I was never much of a coder. I never got around to learning it — but I've found cautious success letting agents write the code while I worry about the biology. That teaming turns a hypothesis bugging me at one in the morning into an experiment by the next; the loop from question to result got a lot tighter.

This project is the clearest example I have. I heard about EVO2 a few months ago — a model that learned to represent raw nucleotides — and a question stuck in my head: how does that structure hold up on out-of-distribution eukaryote-host viruses, and could you train a classifier on top? That any taxonomic signal survives at all, in a model benchmarked at noise for these sequences, is a small reminder of how far these models generalize.

The Honest Read

The honest read.

LucaProt — Hou et al. 2024, Cell — didn't surface in my literature search. I had a hypothesis bugging me and jumped straight into building, only to find out halfway through that a team with GPU clusters had already solved this two years ago. I thought a solved problem was an open avenue.

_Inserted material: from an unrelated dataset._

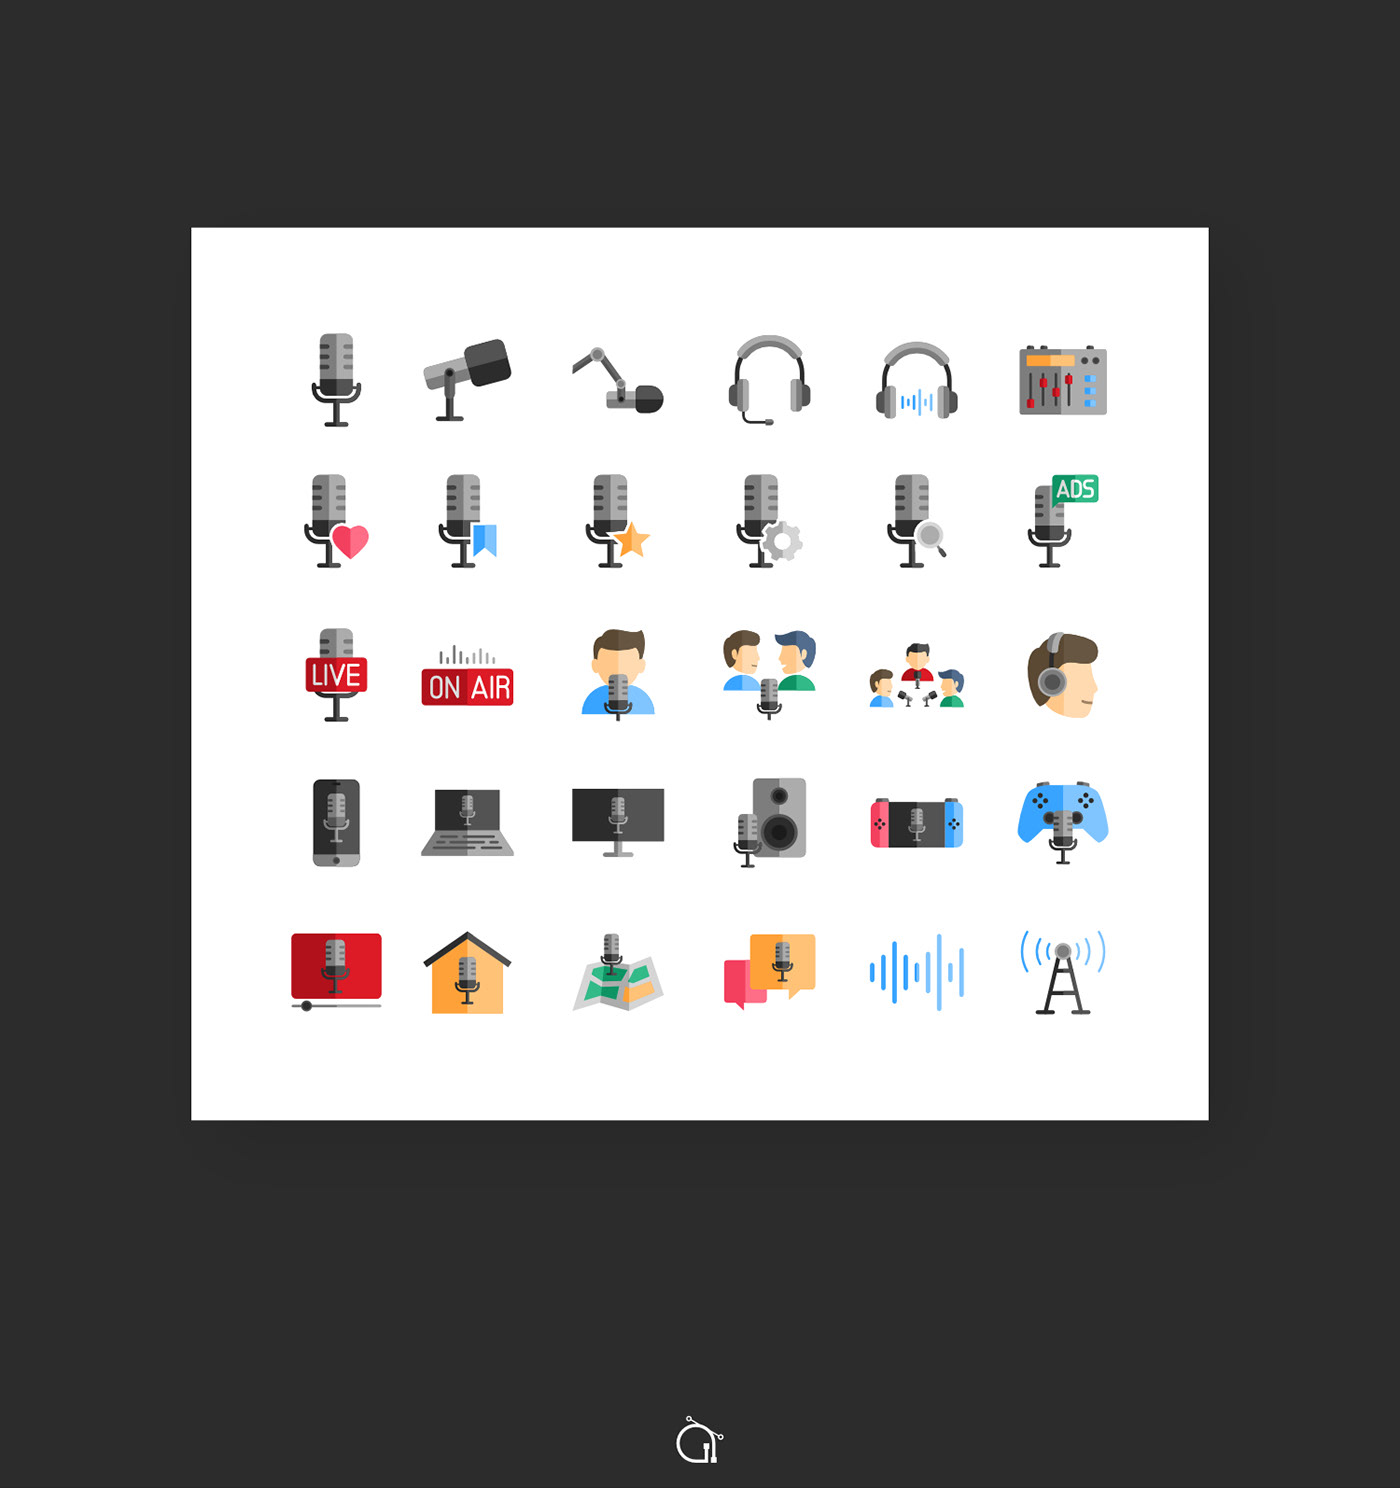 Audio broadcast icons icons pack icons set podcast Radio sound Streaming UI

I'm still glad I was curious enough to take it as far as I did. Across families the correlation is weak and mostly a length confound; the broad version of the question has a better answer elsewhere. But within the sobemo-like clade where these coral viruses live, a Mantel test found real, length-independent structure in EVO2's embeddings — r = 0.345, p = 0.0001 — on a model built to be bad at exactly these sequences. And when I concatenate EVO2 with ESM2, the taxonomy signal jumps to 0.47 while the length confound drops. The nucleotide model is learning something the protein model doesn't have, and vice versa. That's the part I keep coming back to.

— G.A.

From the Archive

What made it possible

A custom EVO2 runtime — StripedHyena with CPU offloading of layers, cross-checked against the official PyTorch runtime — so a genomic foundation model could run on a 12 GB RTX 3060, with the 2700X / 16 GB DDR4 rig doing the heavy lifting.